VLC currently uses plain substring matching in the playlist search engine.
This has many disadvantages, and is too strict a search scheme.

Here I introduce a new intelligent approximate search algorithm. The query string and all the metadata are split into words. For every word in the query string, we search for an approximate match in the items' metadata. (This approximation is calculated based on the Levenshtein Edit distance between the two words). Substrings are also checked. Only those items for which all query words have a match turn up in the resulting filtered playlist. 

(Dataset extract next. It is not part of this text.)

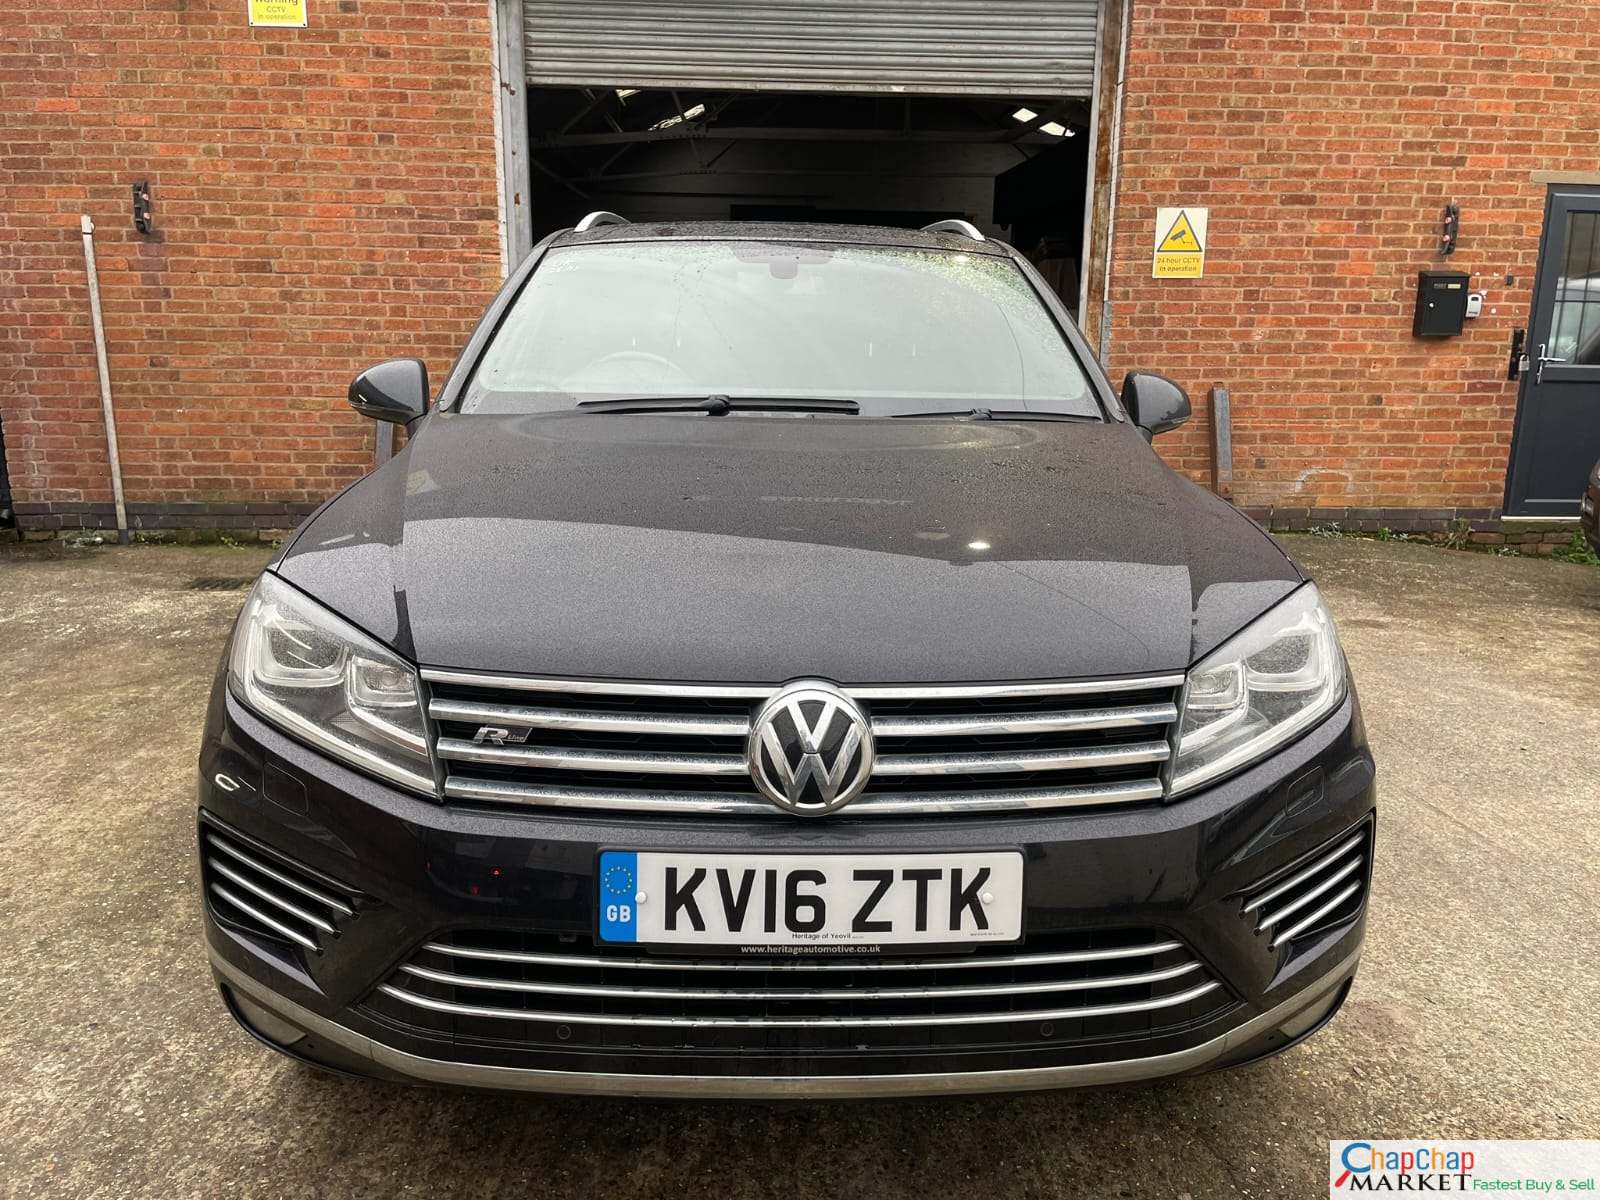 Volkswagen Touareg R LINE PANORAMIC SUNROOF JUST ARRIVED Trade in Ok EXCLUSIVE

The current maximum error (for approximate matching) is set to 1. In other words  if we search for say, "Turn", then songs/items with the word "burn", "turk", "urn" etc, also turn up in the result, because they differ in edit distance from the word "Turn" by  atmost 1 letter. Also if we search for say, "Glass castle", then an item with name say "Castle of Glass" turns up in the result, because this item had a match for all the query  words i.e "Glass" and "castle". 

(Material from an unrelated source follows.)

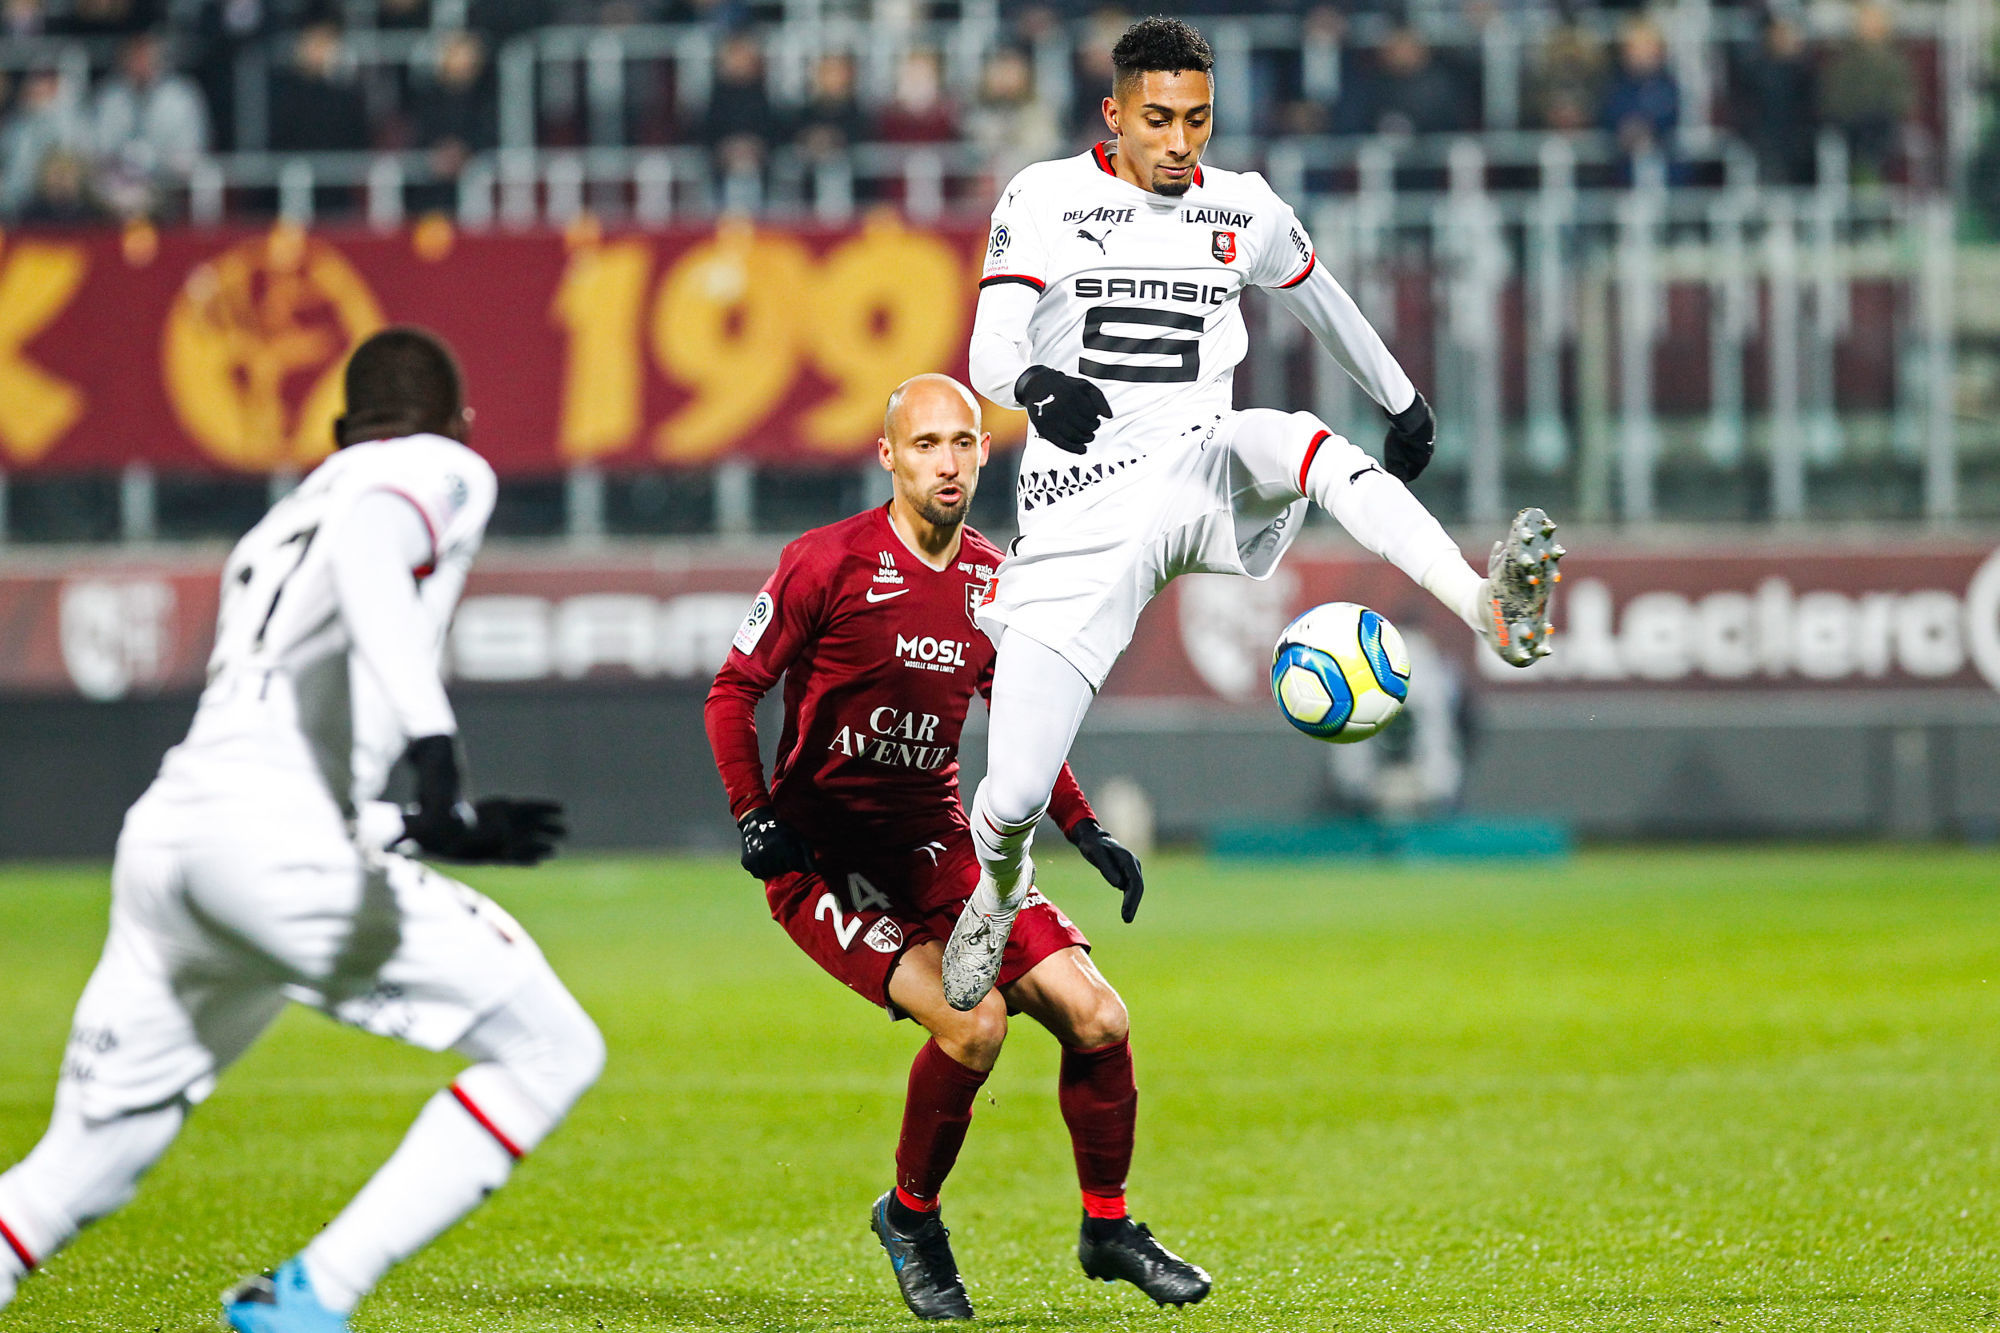 Renaud Cohade of Metz and Raphinha of Rennes during the Ligue 1 match between FC Metz and Rennes at Stade Saint-Symphorien on December 4, 2019 in Metz, France. (Photo by Fred Marvaux/Icon Sport) - Renaud COHADE - RAPHINHA - Stade Saint-Symphorien - Metz (France)

Note that "Castle of Glass" would also turn up in the result if the query string was "Glask Cattle" or "Glass cattle", because each query word has an approximate match (with error <= 1 in this case for each word). 
Also, all permutations of the query words give the same  result. For example, searching for "burn it down" and "Down burn it" would give the same result. So the user can just enter words that he knows, and our search will take care of the rest. For example, if the query was "burn skies", then the song "Burning in the skies" would turn up in the result! 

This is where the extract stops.